The nitrogen-vacancy (NV) center in diamond has garnered great interest over the past decade as its electronic spin shows promise as a quantum bit (qubit) and nanoscale sensor. Consisting of a substitutional nitrogen adjacent to a vacant site within the carbon lattice of diamond, this defect exhibits millisecond-long spin coherence times extending beyond room temperature, spin-dependent optical addressability, coupling to intrinsic and nearby nuclear spins, and it can be controlled and manipulated through electrical, magnetic, and optical means. In particular, at cryogenic temperatures (T < 25 K), the NV center's excited state becomes sharp and optically resolvable, providing a solid-state quantum optical testbed.
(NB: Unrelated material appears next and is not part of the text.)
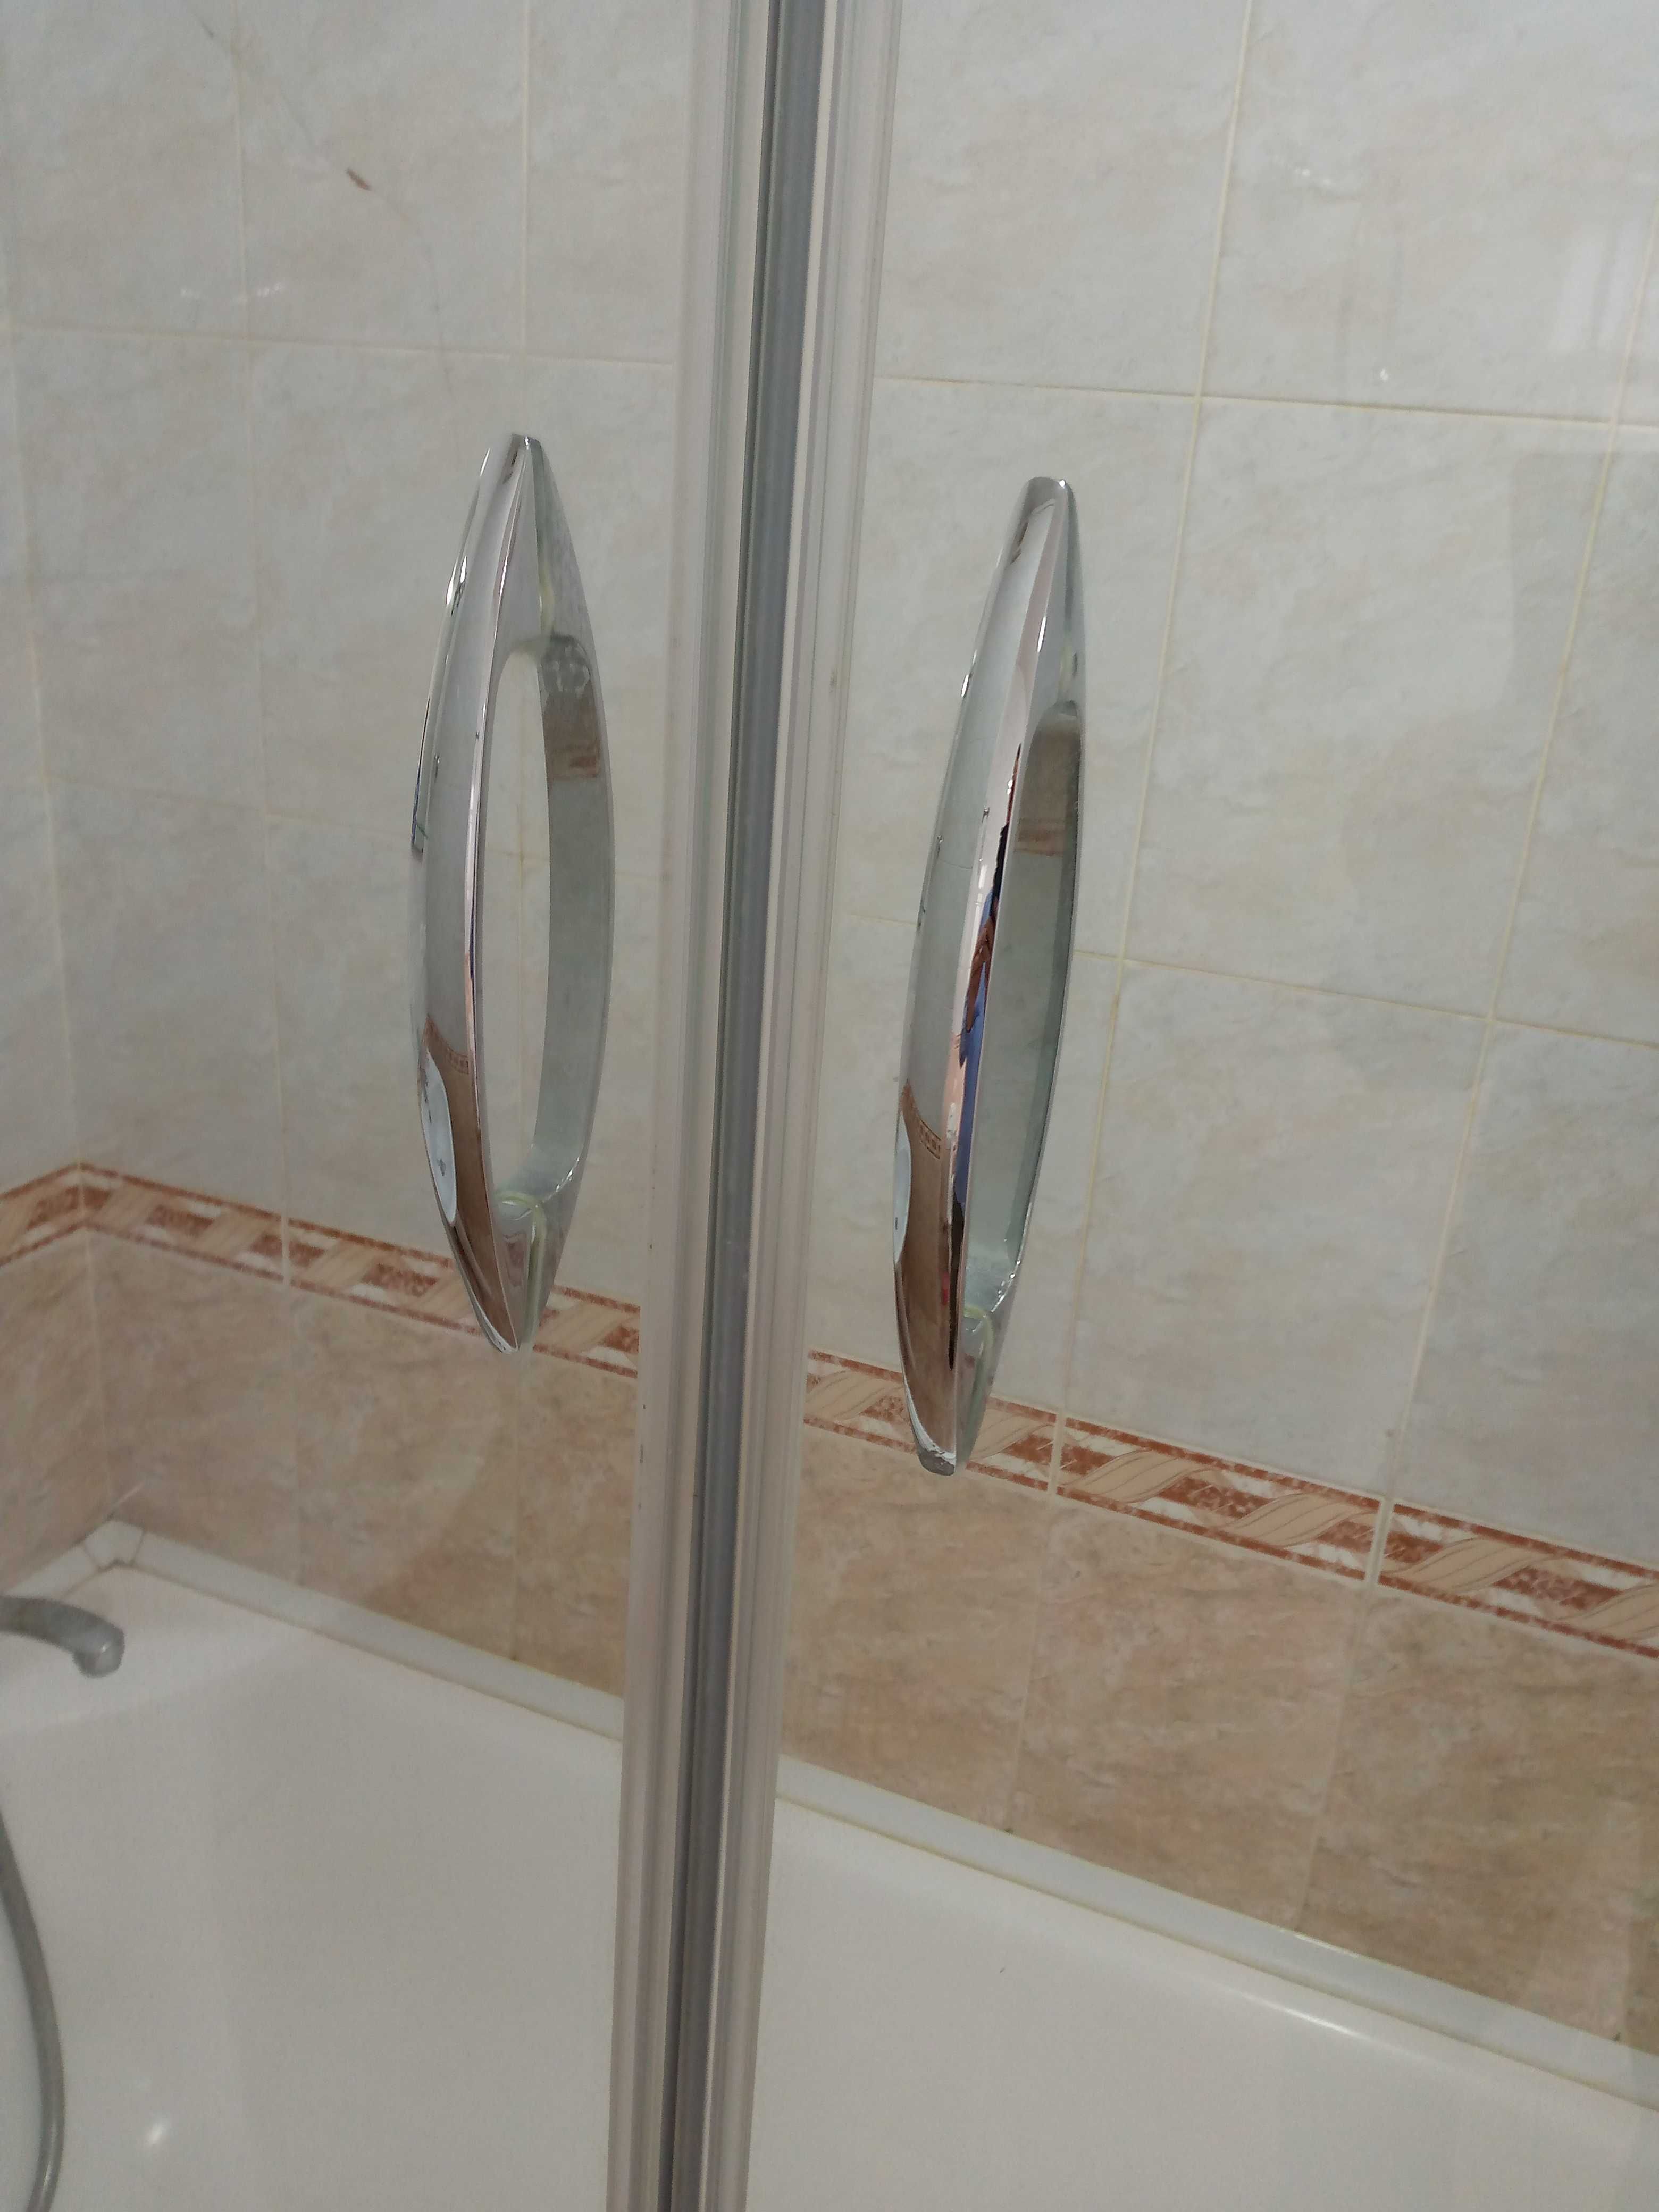 Роликовая стеклянная перегородка для ванны.Ширина 168см, выс 160см

In this thesis, I describe several experiments that explore this quantum optical interface to facilitate the development of a photonic network of single spins linked and controlled by light.

We begin by exploring how electric fields tune the orbital levels within the NV center through the DC Stark effect, finding a surprising photo-induced field that aids in the ability to tune multiple NV centers' optical transitions to degeneracy. We then develop techniques to fully control the spin state of the NV center by coupling through a lambda system, an energy configuration consisting of two lower levels coupled to one of higher energy. When a lambda system is optically driven, the spin becomes trapped in a dark state, or the eigenstate of the system that is not coupled to the light fields through destructive interference, forming the basis for the various types of control demonstrated. We demonstrate arbitrary-basis initialization and readout of the spin state through coherent population trapping, as well as the ability to rotate about any arbitrary basis through stimulated Raman transitions.

Combining these techniques, we measure the NV center's spin coherence through a completely optical measurement. We then extend these lambda system techniques to adiabatically move the dark state in trajectories around the Bloch sphere. Such trajectories accumulate a quantum mechanical phase that depends only on the geometry of the path enclosed, not on the energetics or time of the interaction. We characterize the interaction, measure this phase, known as Berry phase, and explore the limits of its control and resilience to noise. Finally, we demonstrate another all-optical control technique that uses strong ultrafast pulses of light to transfer the spin between the ground and excited states, deriving spin manipulation from the excited state dynamics. This technique also provides time-resolved spectroscopy of the excited state and its various decay and decoherence mechanisms.

These experiments advance the progress toward the development of photonic networks coupling and controlling defects through light-matter interactions.